The batch size can be changed with the --batch_size option. This changes the batch size for training, validation, and testing. You can set the --auto_scale_batch_size option to automatically determine this value. See “Auto scaling of batch size” from the pytorch_lightning documentation for more information about the algorithm and available options.

If the extractive dataset json files are compressed using gzip, then they will be automatically decompressed during the data preprocessing step of training.

By default, the model weights are saved after every epoch to the --default_root_dir. The logs are also saved to this folder. You can change the weight save path (separate folder for logs and weights) with the --weights_save_path option.

The length of output summaries during testing is 3 by default. You can change this by setting the --test_k option to the number of sentences desired in generated summaries. This assumes --test_id_method is set to top_k, which is the default. top_k selects the top k sentences and the other option, greater_k, selects those sentences with a rank above k. k is specified by the --test_k argument.


More example training commands can be found on the TransformerSum Weights & Biases page. Just click the name of a training run, go to the overview page by clicking the “i” icon in the top left, and look at the command value.

Pooling Modes

The pooling model determines how word vectors should be converted to sentence embeddings. The implementation can be found in The --pooling_mode argument can be set to either sent_rep_tokens or mean_tokens. While the pooling nn.Module allows multiple methods to be used at once (it will concatenate and return the results), the training script does not.

  • sent_rep_tokens: Uses the sentence representation token (commonly called the classification token; [CLS] in BERT and <s> in RoBERTa) vectors as sentence embeddings.

  • mean_tokens: Uses the average of the token vectors for each sentence in the input as sentence embeddings.

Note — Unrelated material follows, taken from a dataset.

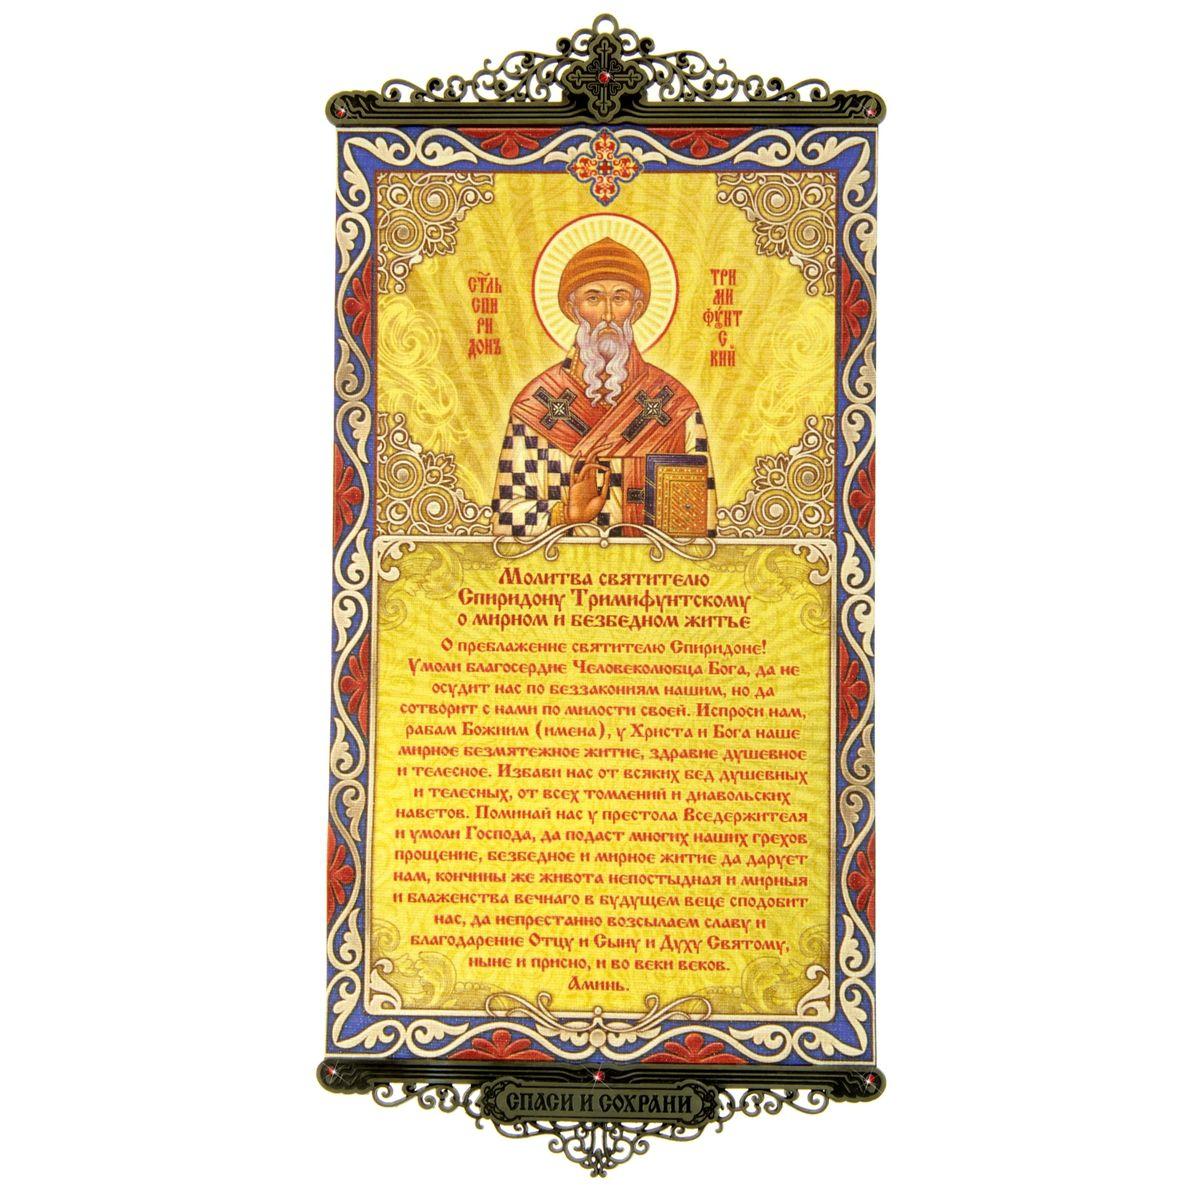 Икона с молитвой Молитва Спиридону Тримифунтскому о мирном и безбедном житье, на подвесах602830Икона с молитвой Молитва Спиридону Тримифунтскому о мирном и безбедном житье выполнена из плотного текстиля с нанесенным цветным рисунком, края декорированы ажурными металлическими вставками со стразами. Цветовая гамма и интерьер влияют на настроение каждого, именно поэтому так важны детали, которые нас окружают. Знатоки интерьерных решений стараются применять самые разнообразные решения при художественном оформлении внутреннего пространства и использовать все возможные материалы. Икона с молитвой на подвесах - это хорошее решение для интерьера по выгодной цене!

  • max_tokens: Uses the maximum of the token vectors for each sentence in the input as sentence embeddings.

Custom Models

You can use any autoencoding transformer model for the word embedding model (by setting the --model_name_or_path CLI argument) as long as it was saved in the huggingface/transformers format. Any model that is loaded with this option by specifying a path is considered “custom” in this project. Currently, there are no “custom” models that are “officially” supported. The longformer used to be a custom model, but it was since added to the huggingface/transformers repository, and thus can be used in this project just like any other model.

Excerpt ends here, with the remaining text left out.